The UN Secretary General has some administrative functions with regard to the Court. The Statute contemplates that the Assembly can meet at the UN Headquarters in New York, annually or more often if necessary. The drafters apparently contemplated that the Assembly of the Court would eventually become coincident with the UN General Assembly. (Israel has ratified the Statute, by the way, perhaps in the hope that its membership in the Court's Assembly will redress its second-class status in the UN.)

Most important changes to the Statute, including modification of its criminal law and the Court's structure, require a two-thirds majority in the Court's Assembly. In effect, the Assembly is a parliament empowered to legislate some features of international law. This would be new, if anyone takes it seriously

As for the law and the procedure of the Court, there are few points that would strike a Common Law jurist as extraordinary. In fact, with its attention to questions like burden of proof and self-incrimination, the Statute seems designed to mollify Anglo-Saxon misgivings. There are some eccentricities. For instance, double jeopardy seems to apply in full force only to decisions of the Court itself. Judgments by national courts can be reviewed by the International Court, to see whether international law was applied adequately. Moreover, the Court's Prosecutor can appeal an acquittal from the Court's trial division to its appellate division, even on matters of fact. This is only to be expected in a system without jury trials; judges in Common Law countries are far more willing to second guess other judges than they are juries.

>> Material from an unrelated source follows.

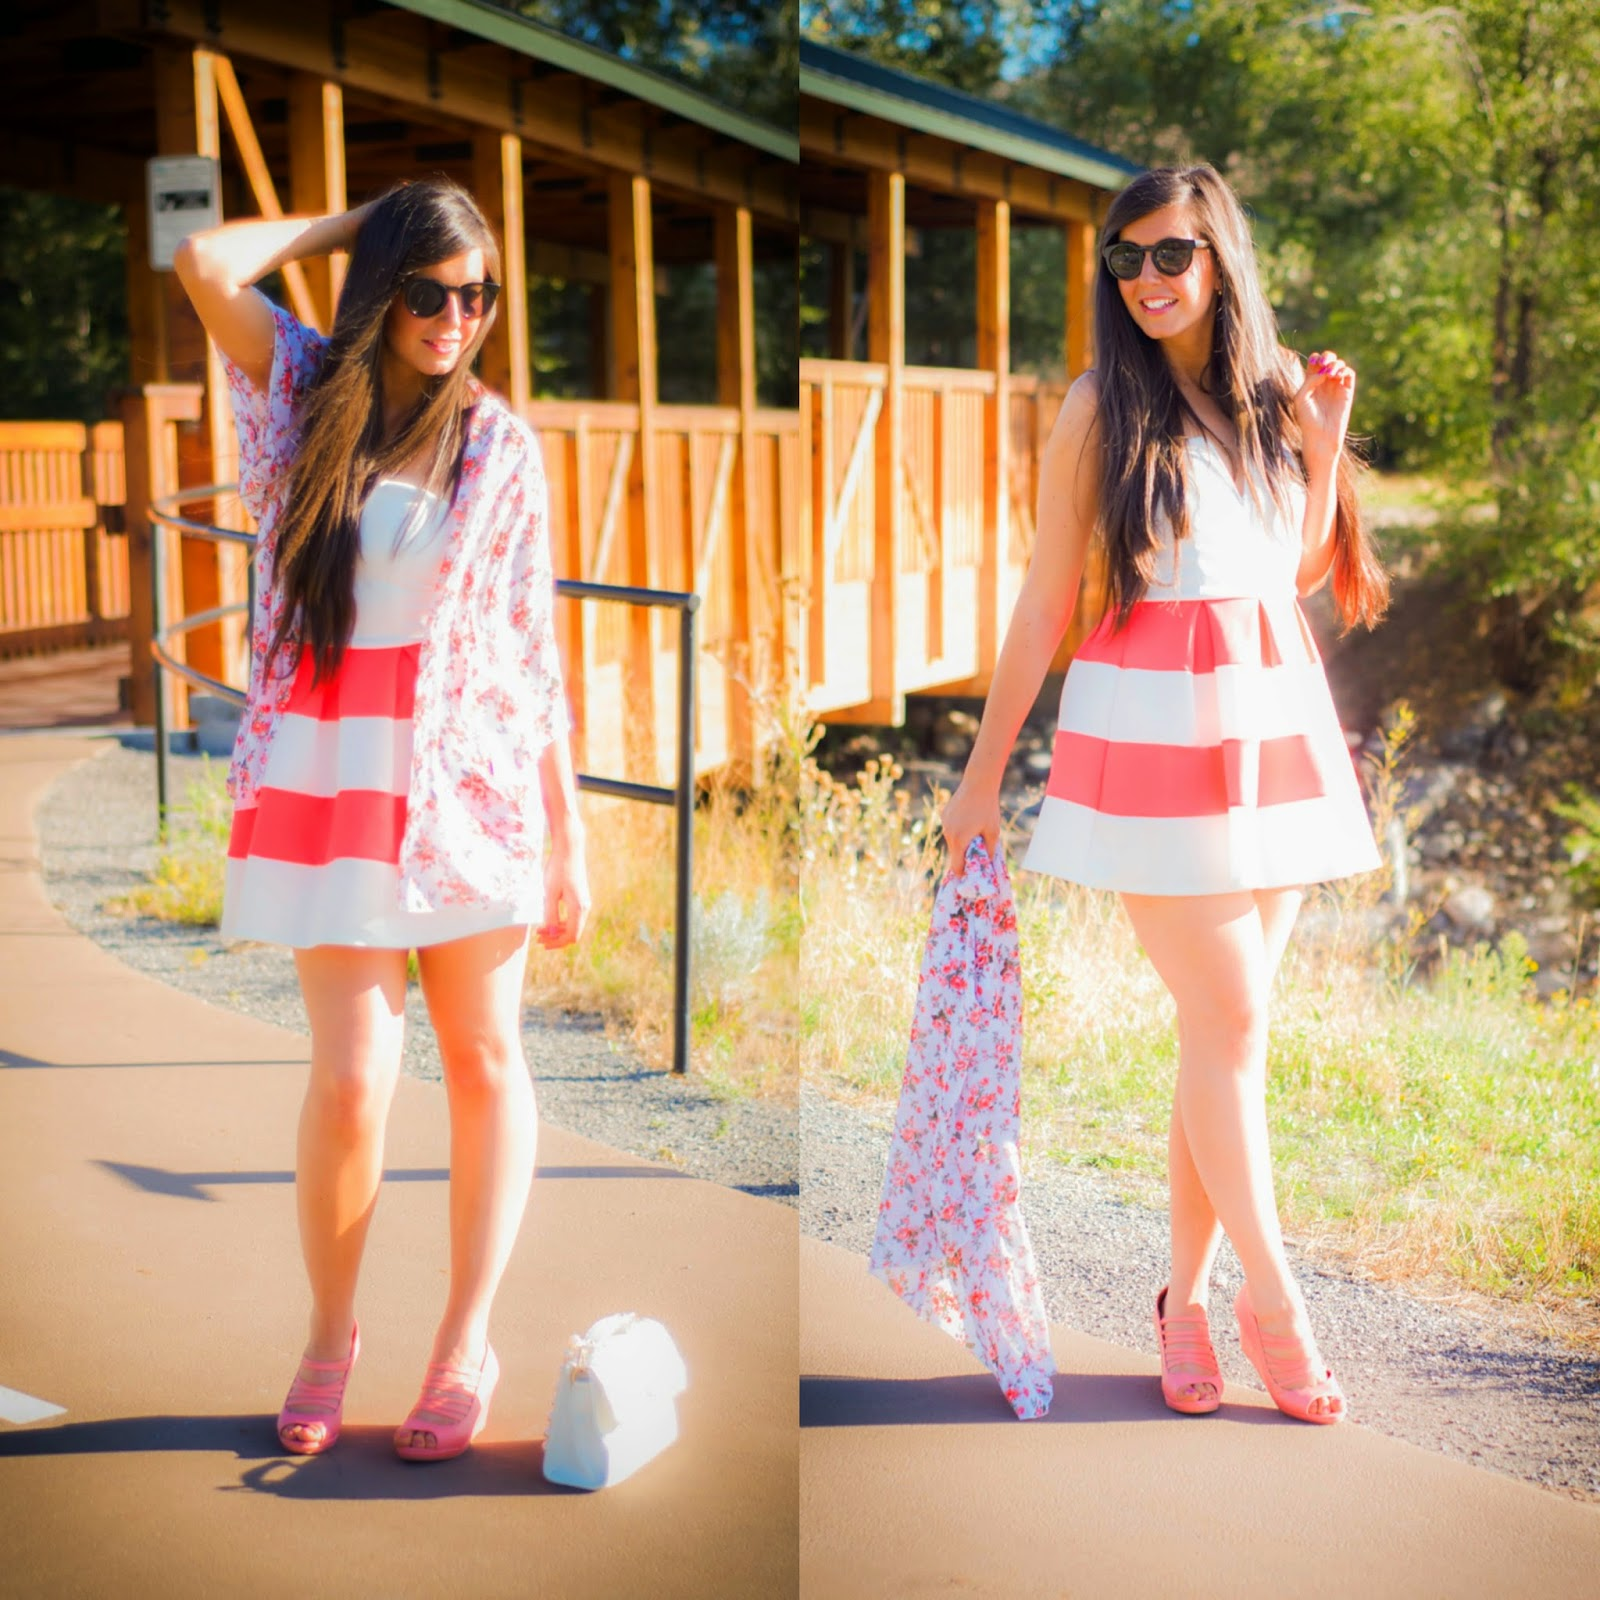 charlotte russe, kimono, skater dress, baby doll dress, strapless dress, amiclubwear shoes, strap wedges, wedges, 2 ways to wear a skater dress, pink and white dress, cute,

From what I know of the subject, the Statute gives a reasonable statement of the principles of international law in the areas within its purview. To the extent there is any innovation, the Statute is fair about it; the Court's jurisdiction covers only acts committed after the Statue came into effect at the beginning of this month. Of course, as I have noted, the Statute does put international law up for grabs in a novel way.

Reading the Statute does not answer the question: what is this? The idea of a criminal court without a police force is ludicrous. The Statute makes ordinary statecraft impossible. Although the Prosecutor has some discretion about whether to bring a case or not, his discretion is defined with regard for the personal situations of the victims and the alleged perpetrators. The Statute revokes the traditional principle of sovereign immunity, but nowhere did the drafters make the tiniest acknowledgment that prosecuting heads of state and military personnel is unlike prosecuting domestic defendants. There is a provision allowing the Security Council to order the Prosecutor to defer a trial or investigation for a year, but that does not remedy the basic problem. One simply does not arrest a head of state, one negotiates with him. Failing that, one makes war on him. For the Court to do any good, it must be subordinate to some executive body capable of conducting politics and diplomacy.

The UN Security Council would serve nicely as the responsible executive, and in fact that is what the United States has been insisting on all along. Without some such mechanism, international law will be set at odds with international order. The Court and its Statute as currently constituted should be ignored to death.